═════ Input data ═════

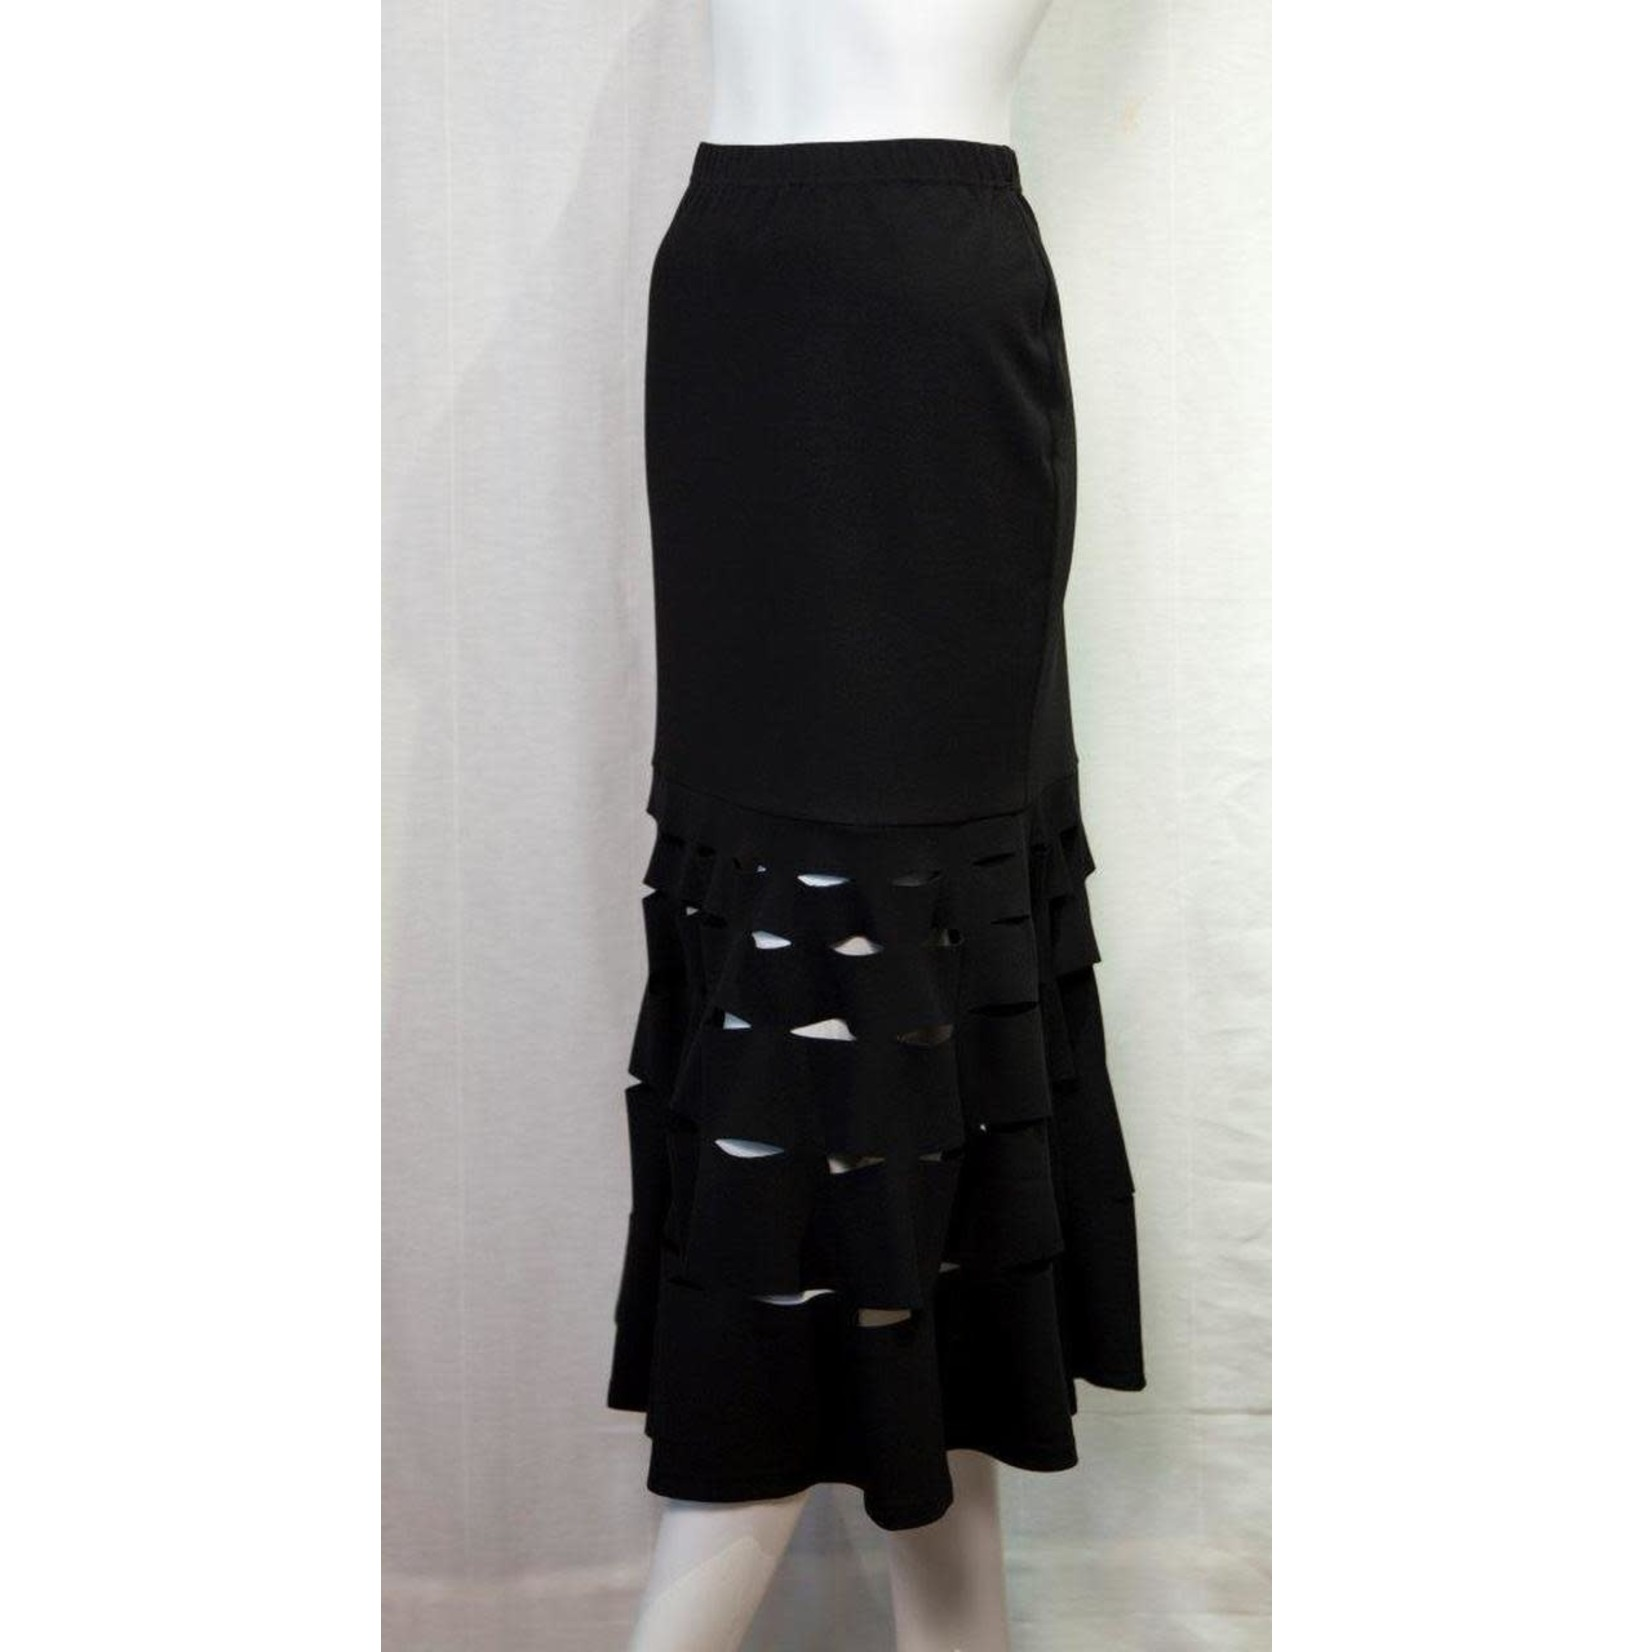 Samuel Dong Knit Crepe Laser Cut Skirt
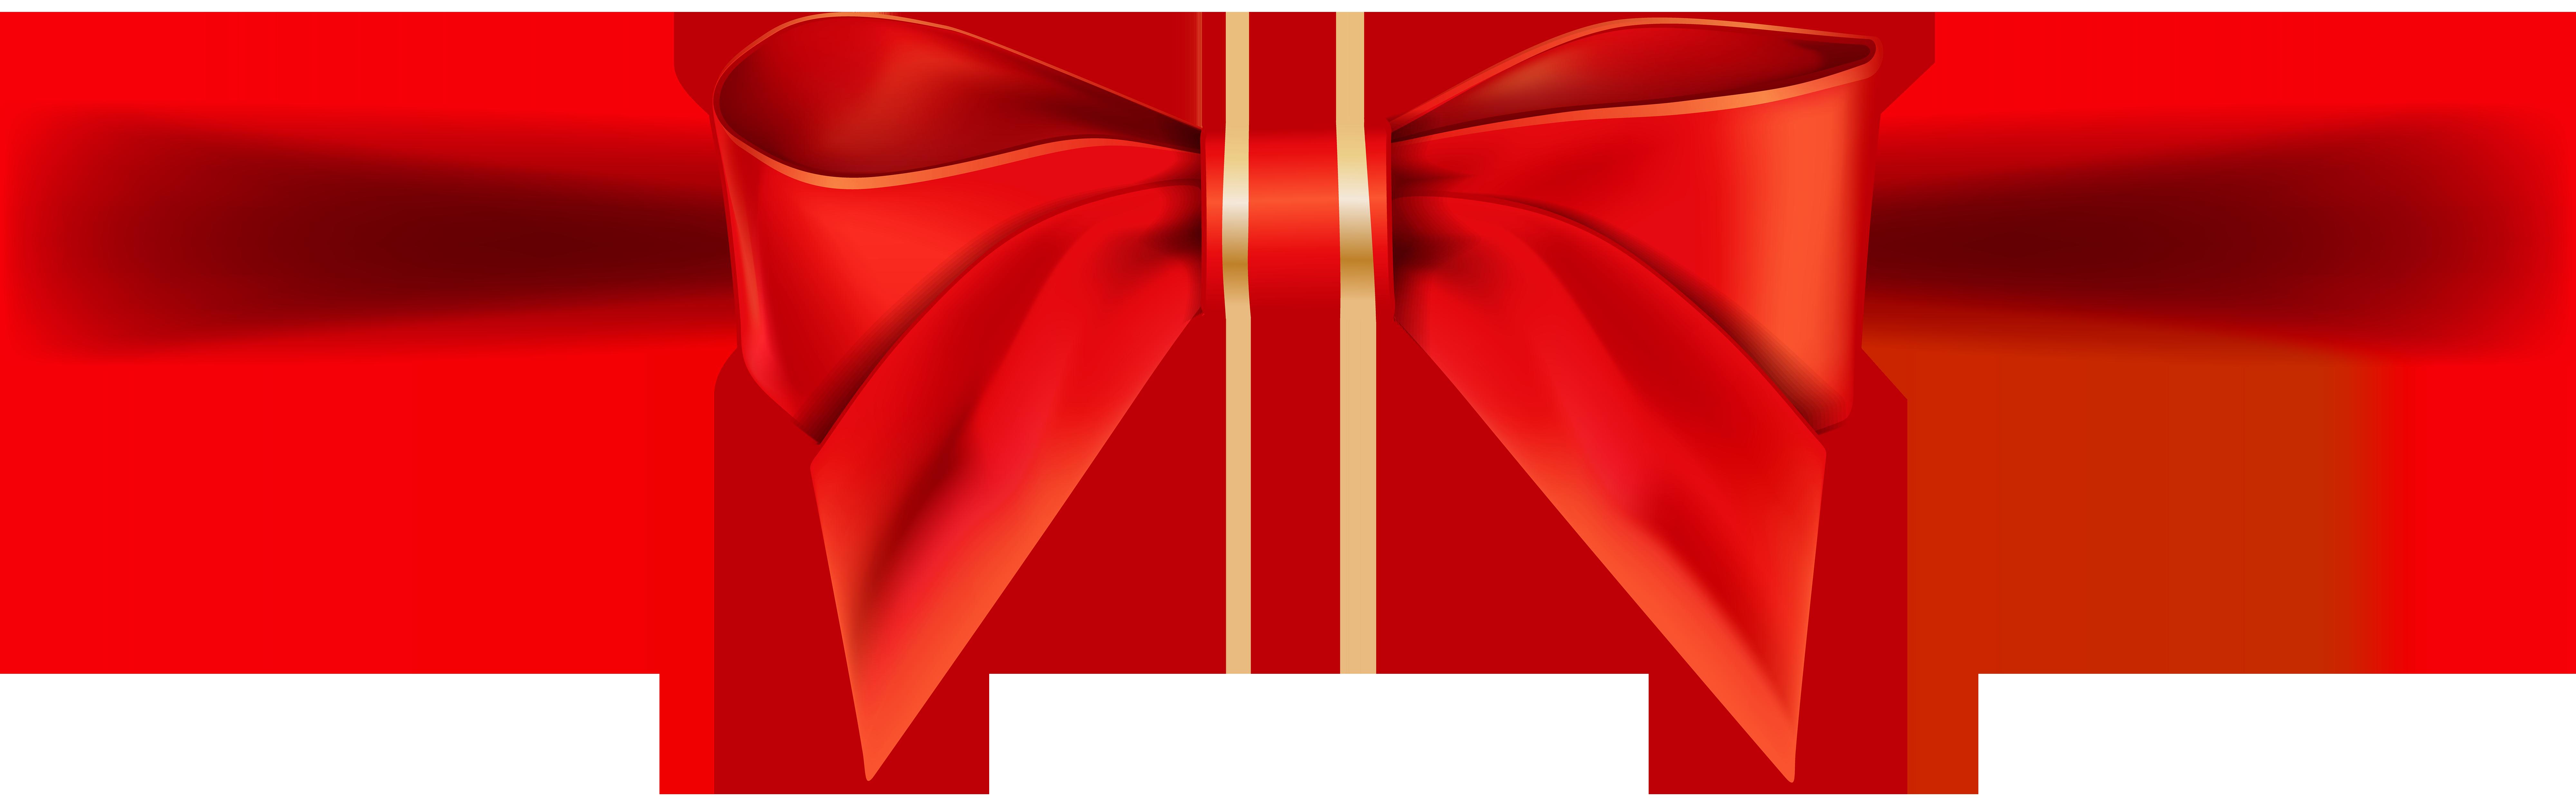 Ribbon transparent background clipart png transparent stock Red Ribbon Bow Transparent PNG Clip Art Image png transparent stock
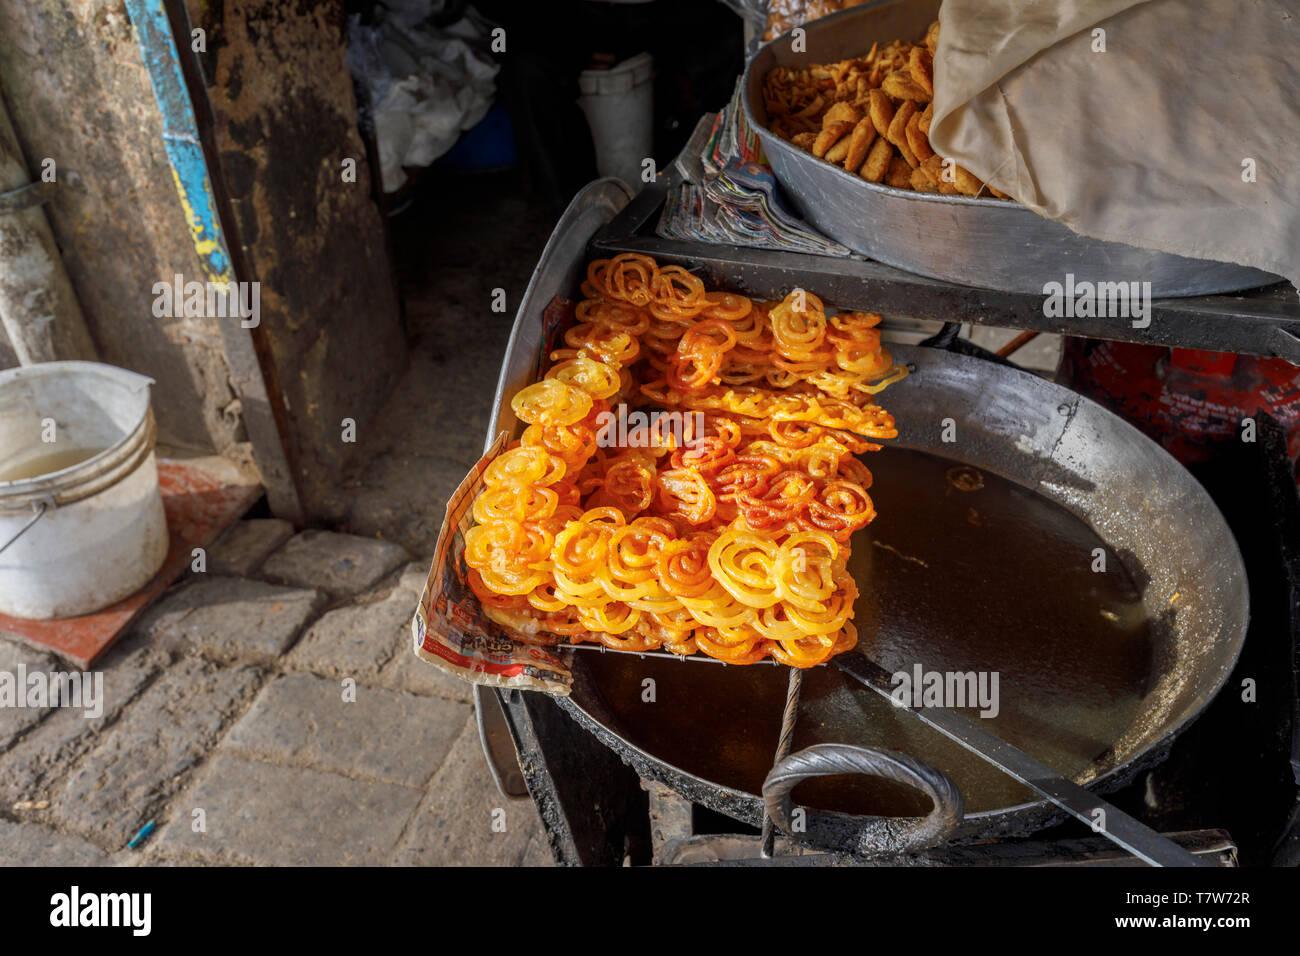 Street scene, Mahipalpur district, a suburb near Delhi Airport in New Delhi, capital of India: Indian sweet, crispy golden deep fried jalebi - Stock Image

═════

Extract the run of lines beginning with the line that holds "Ribbon transparent background" and ending at the last line of the data, inclusive. Exclude any pictures from the copy.

- [Solution to the problem]
 Ribbon transparent background clipart png transparent stock Red Ribbon Bow Transparent PNG Clip Art Image png transparent stock
 Street scene, Mahipalpur district, a suburb near Delhi Airport in New Delhi, capital of India: Indian sweet, crispy golden deep fried jalebi - Stock Image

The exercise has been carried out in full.